Home is where the heart is

Bloody Hell, I’ve done it again. A few weeks ago I lost my credit card…for second time this year…in a foreign country. The first time, occurred on the Island of Koh Phangan during girls night out, meaning, somewhere between the the bars, the drive and the stumbled walk to our room, I misplaced my card. Which lead to the next morning, frantically searching bushes and ditches, only to wind up at some internet cafe to contact ANZ. Luckily for me, the kiwi guy on the other end had great banter and lifted my spirits, assuring me I would have a brand new card awaiting me on my return.

This time however, I was not so lucky. It all started on a hot Sunday afternoon, when I had finally puckered up the courage to explore the city of Valencia, all by myself. I had made it to the train station thanks to my handy navigation system and thought it was best I grabbed some money before venturing into the middle of a city, where the only thing I could say was ‘water’ and ‘friend’. With a few ‘erms’ and ‘uhhs’ I managed to fluke my way through the Spanish ATM system, or so I had thought. Until I was rudely interrupted, in full English might I add, by a sign that popped up reading ‘Sorry, your card has been withheld until further notice” – Furious, I stormed away, leaving behind the ATM and my only source of cash for the next couple of months. And before I knew it, my legs were leading, self-control dwindling, and emotions fuelling, I was holding a chocolate croissant, having responsibly spent my last bit of change.

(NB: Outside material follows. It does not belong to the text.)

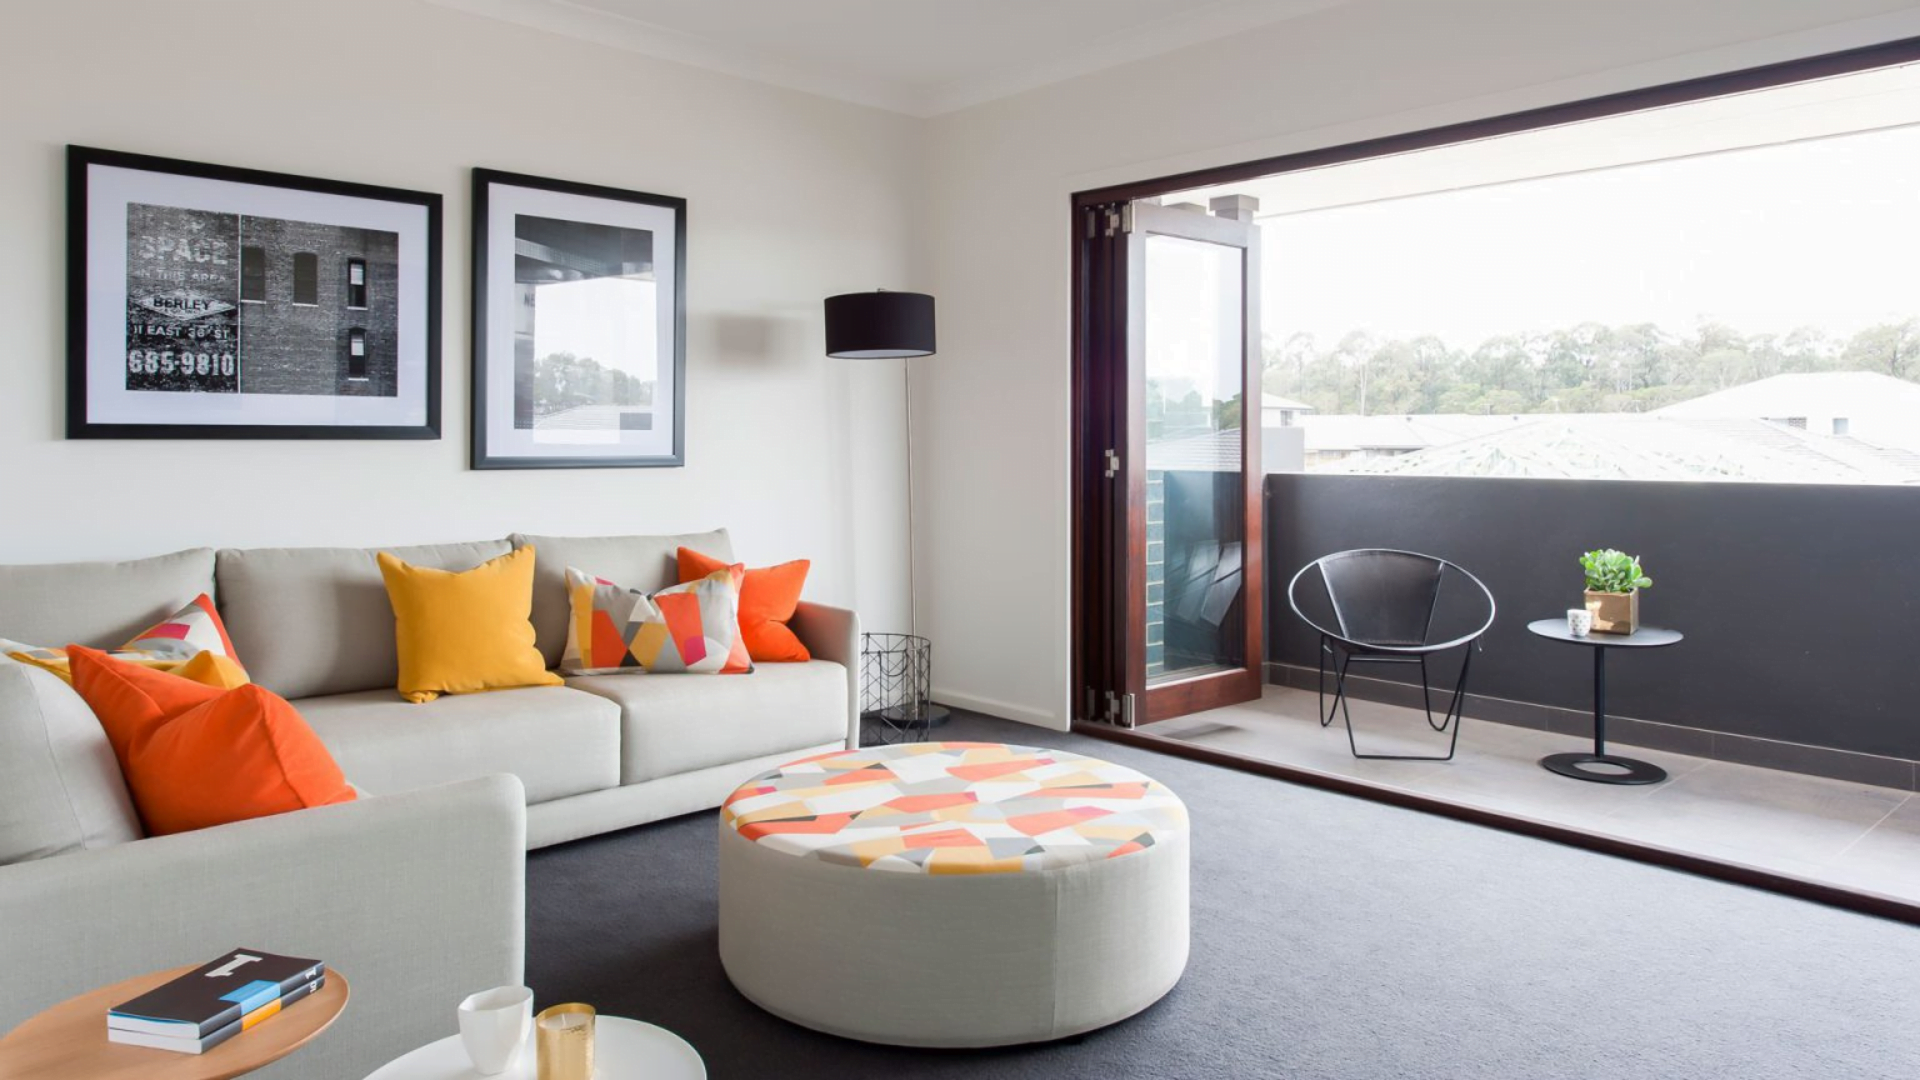  lounge-room-bifold-doors-terrace

*I am not ashamed of my response to this event. I was both confused and phased by emotion therefore unable to effectively process the ordeal and act appropriately.

Eventually, I made my way back to the hotel, and set myself up in the hotel lobby, to once again contact my lovely and caring bank, ANZ. I must mention, I have great luck in reaching ‘cute voiced’ men when contacting my bank, as I was once again charmed by his concern and continual understanding through my stress and outpour of emotions. Yet no matter how caring and affectionate this man could be, there was one thing he could not give me. Well…actually there were many things he could not give me, but most importantly was my card. For, as I was half way through my security questions I was momentarily speechless when asked for my home address… stuttering…the only reply I could give was…”I don’t know…” holding the silence a little longer for dramatic effect, I went on to explain my travelling situation and lack of home address. After twenty minutes of back and forth reasonings as to why I couldn’t just ‘come home and pick up another’, I was left grumpy and cardless for the next couple of months.

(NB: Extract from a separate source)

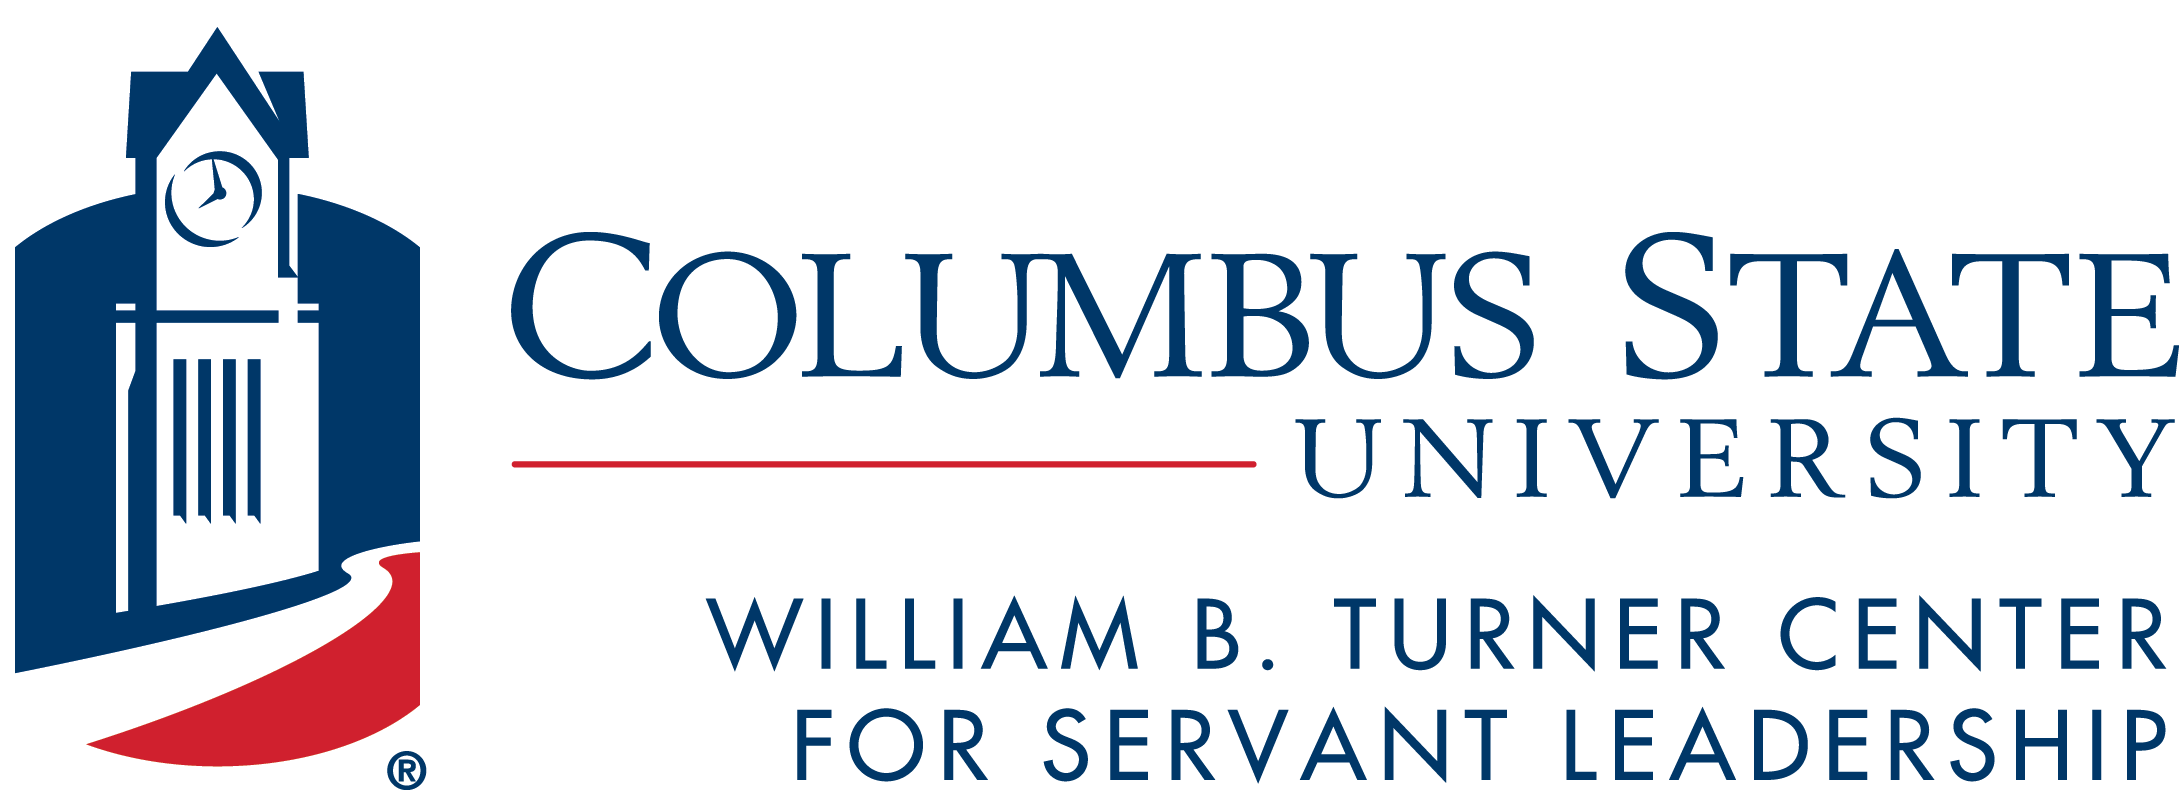 William B Turner Center for Servant Leadership

I never knew I would, at one point in my life, be without a home. An address to send your excess baggage, a place to dream of when on the open road, a sight to see upon the voyage home. Its all a bit unsettling to be honest, the unknown haze in an area of your life that should be so sure and so stable. Before leaving New Zealand at the start of the year I had three homes I could call upon when in need of food and shelter. Firstly, my family home, of which there have been 11, so in other words, my most current family home, which was abandoned in high hopes for the ‘new and improved’ family home. However it is currently non-exisitent but should be complete in 2034. Another home being my ‘short-term’ flat, a place where my friends and I made terrible life decisions and ate way too many pringles. And while my friends are probably (hopefully) still doing just that, I am unable to pay for an empty room (that doesn’t exist because they are all full) in hope of holding onto a home. And lastly, my best friend’s house, a place where I could find the key and set off the alarm, due to the fact I could never remember the code, yet still have enough time to steal some food, try on her clothes and leave the door locked behind me. Another place gone, as she has moved back with her parents and will be moving once again in a few weeks.

So where is my home? Well, currently I am living in some old coach house in Upper Brailes in the North of England, next week however I will slumming it in the hostels of Croatia, after that, well I shall keep that a surprise. Yet, in referral to the title of this post, my heart is in New Zealand. And as much as I try to deny my connections with this country and live completely free of ties and certainty. I know this will always be my base, as I travel, as I relocate and as I empty out my bank account, I will inevitably be drawn back to this place I call home, whether or not that involves an actual house.

So heres to being homeless, and slightly unsure about life. I’ll drink to that!